- Developer: Redhill Games
- Publisher: Redhill Games
- Engine: Unreal Engine 4
- Platforms: Microsoft Windows, Google Stadia, GeForce Now
- Release: May 16, 2022
- Genre: Massively multiplayer online tactical first-person shooter
- Mode: Multiplayer

= Nine to Five (video game) =

2022 video game

Nine to Five was a free-to-play "3v3v3" multiplayer tactical first-person shooter video game developed and published by Redhill Games for Windows, Google Stadia and GeForce Now. It featured three teams, each one with three players, competing to complete objectives. The game's development started in 2019, and a closed Alpha was released on June 4, 2020. The Beta Weekend was released on Steam on February 11, 2021 and lasted until February 15, 2021. Later, it was released on Steam Early Access program on August 26, 2021. The game left early access after about 10 months and received its full release with the 1.0 version on May 16, 2022 for PC and Google Stadia. On Stadia, the game entered early access on December 8, 2021. Ending of the development was announced on October 19 2022, and the servers for the game shut down in January 18 2023.

== Setting ==
Nine to Five was set in a near futuristic setting, where the world is no longer ruled by governments, but instead military corporations who hire mercenaries to shutter their rivals and reach global domination. The player was able to choose one of the four factions available: Farmira, Mash Media, New World Finance and Milodyne.

Players were able to use barricades and drones to defend themselves from the enemies and clear areas much more easily.

The game featured only three maps: Old New York, Varmstaad, and Huxwell Clinic. The latter was added on the day of release.

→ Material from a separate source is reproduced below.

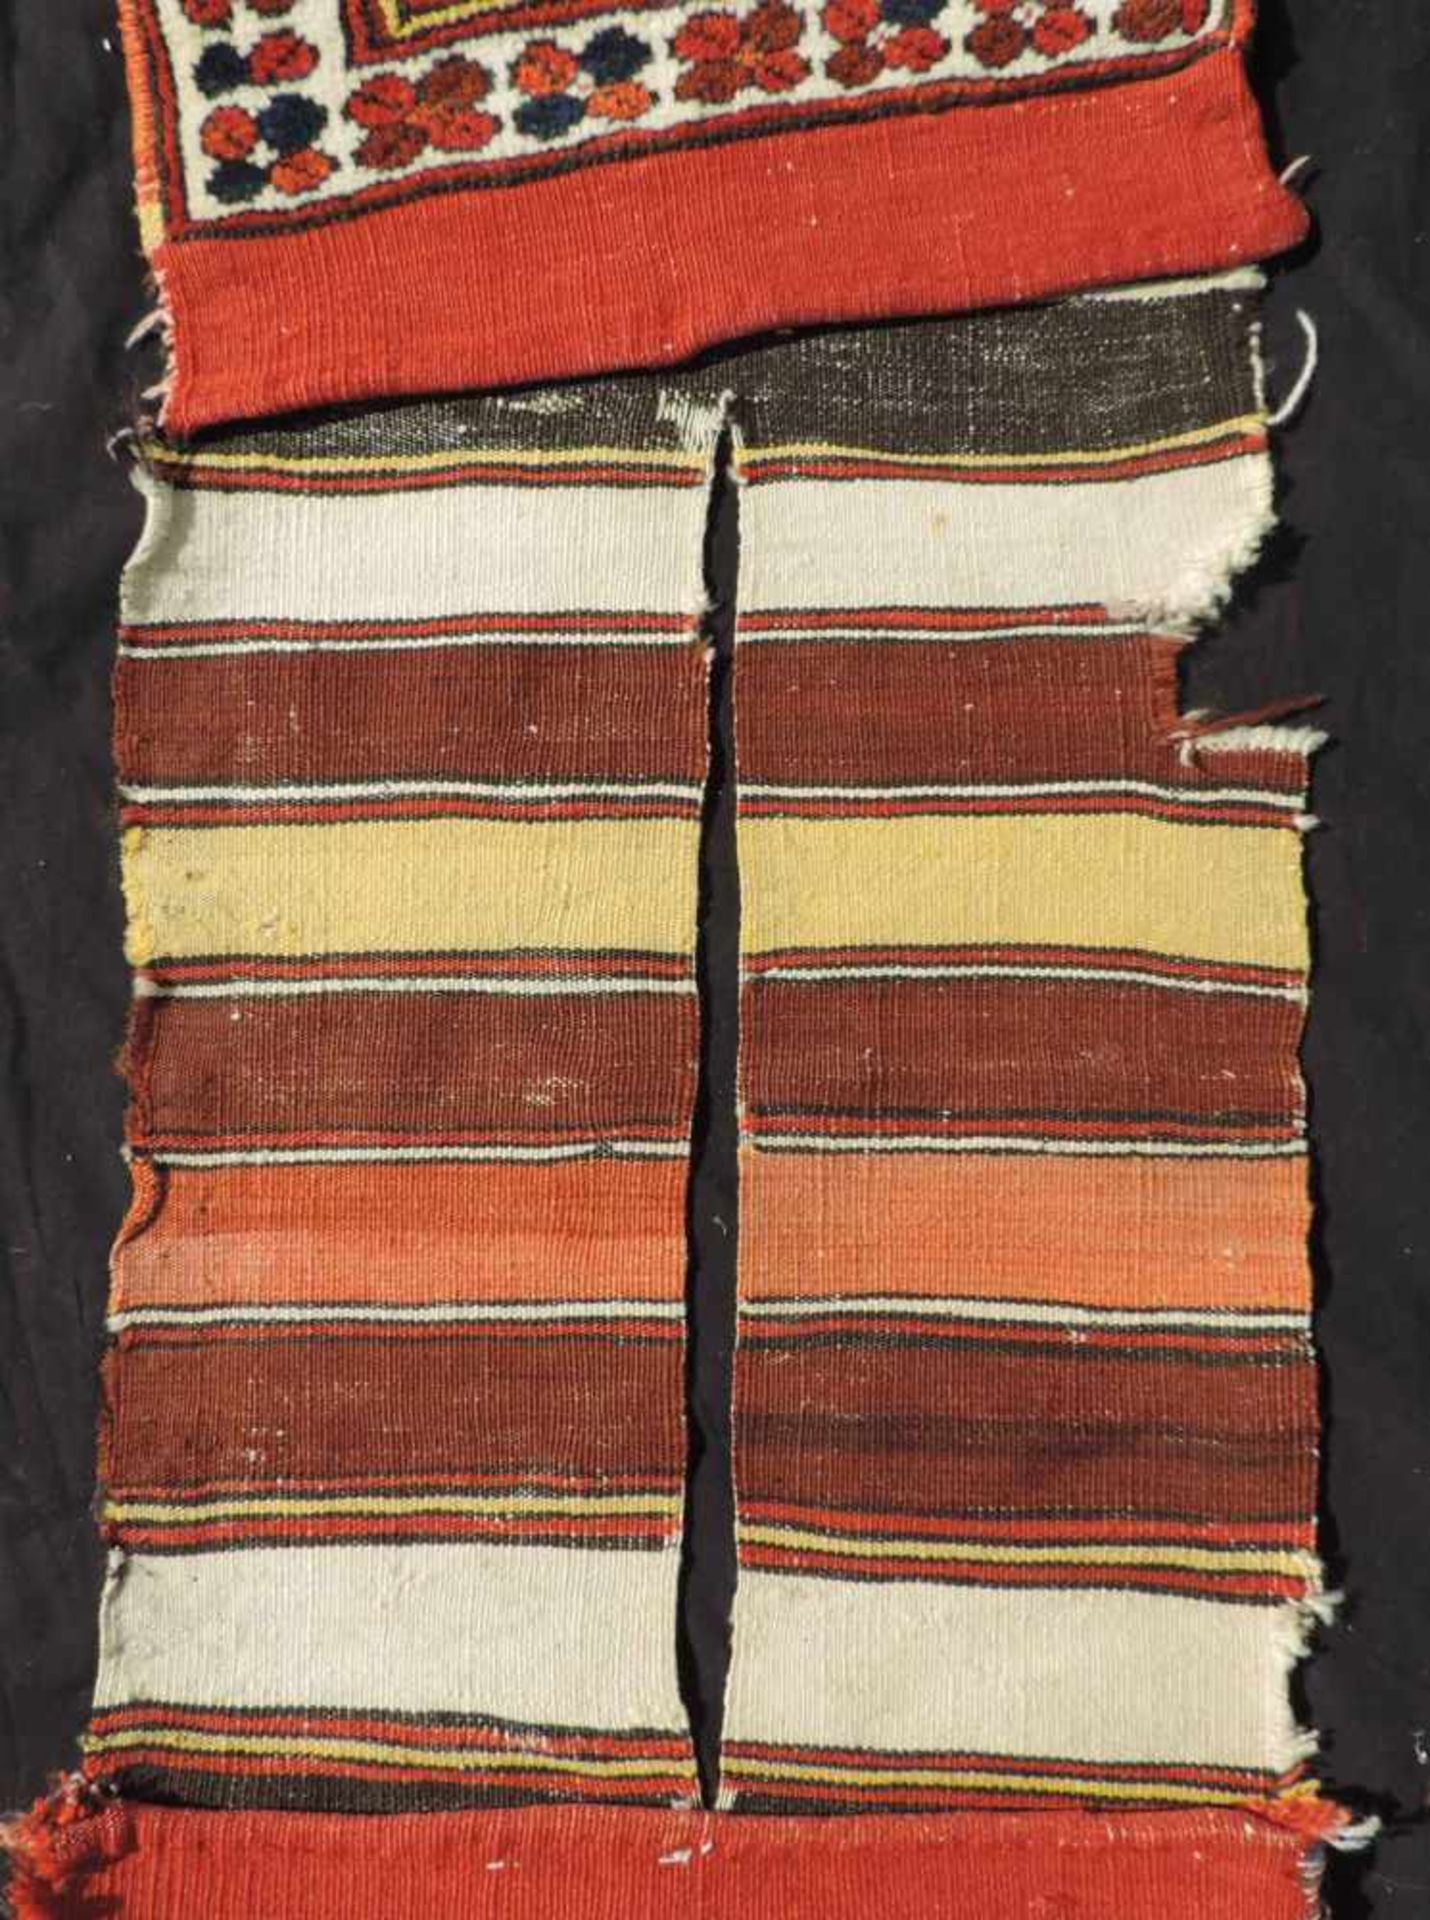 Bergama Hybe Stammesteppich. Doppeltasche. Türkei. Antik, 19. Jh. 140 cm x 44 cm. Handgeknüpfte - Bild 3 aus 6

Unlike many other shooters, there were no respawns mid-match, with there being a focus on more team and strategy based gameplay, in a very similar way to Counter Strike. It also featured various customization options, such as camo, optics and mods, offered through paid bundles and loot boxes.

== Development ==
Nine to Five was developed by Redhill Games, a Finnish independent video game developer founded in 2018 by Matias Myllyrinne, who was previously the former CEO of Remedy Entertainment from 2008 to 2015. The game was announced at The Game Awards 2019.

== Reception ==
PC MAG's review of Steam Early Access build praised its team based gameplay, its "satisfying shooting mechanics", customization system and its free-to-play availability, but criticized its lack of content on the build, as well its inconsistent performance in testing, with technical issues such as unexpected freezing, stuttering, and drops in the frame rate

== Server closure ==
On October 19, 2022, just five months after the release of the game, Redhill announced through the game's website, Steam page and its social media, the end of development of Nine to Five, meaning no new updates with content or patches will be released, and the game servers will be still active until January 18, 2023, when they will be shut down. The game was pulled from sale the next day, making it no longer purchasable on Steam and Stadia. Also, all the bundles with weapons and customization options will be made free for players who actually own the game.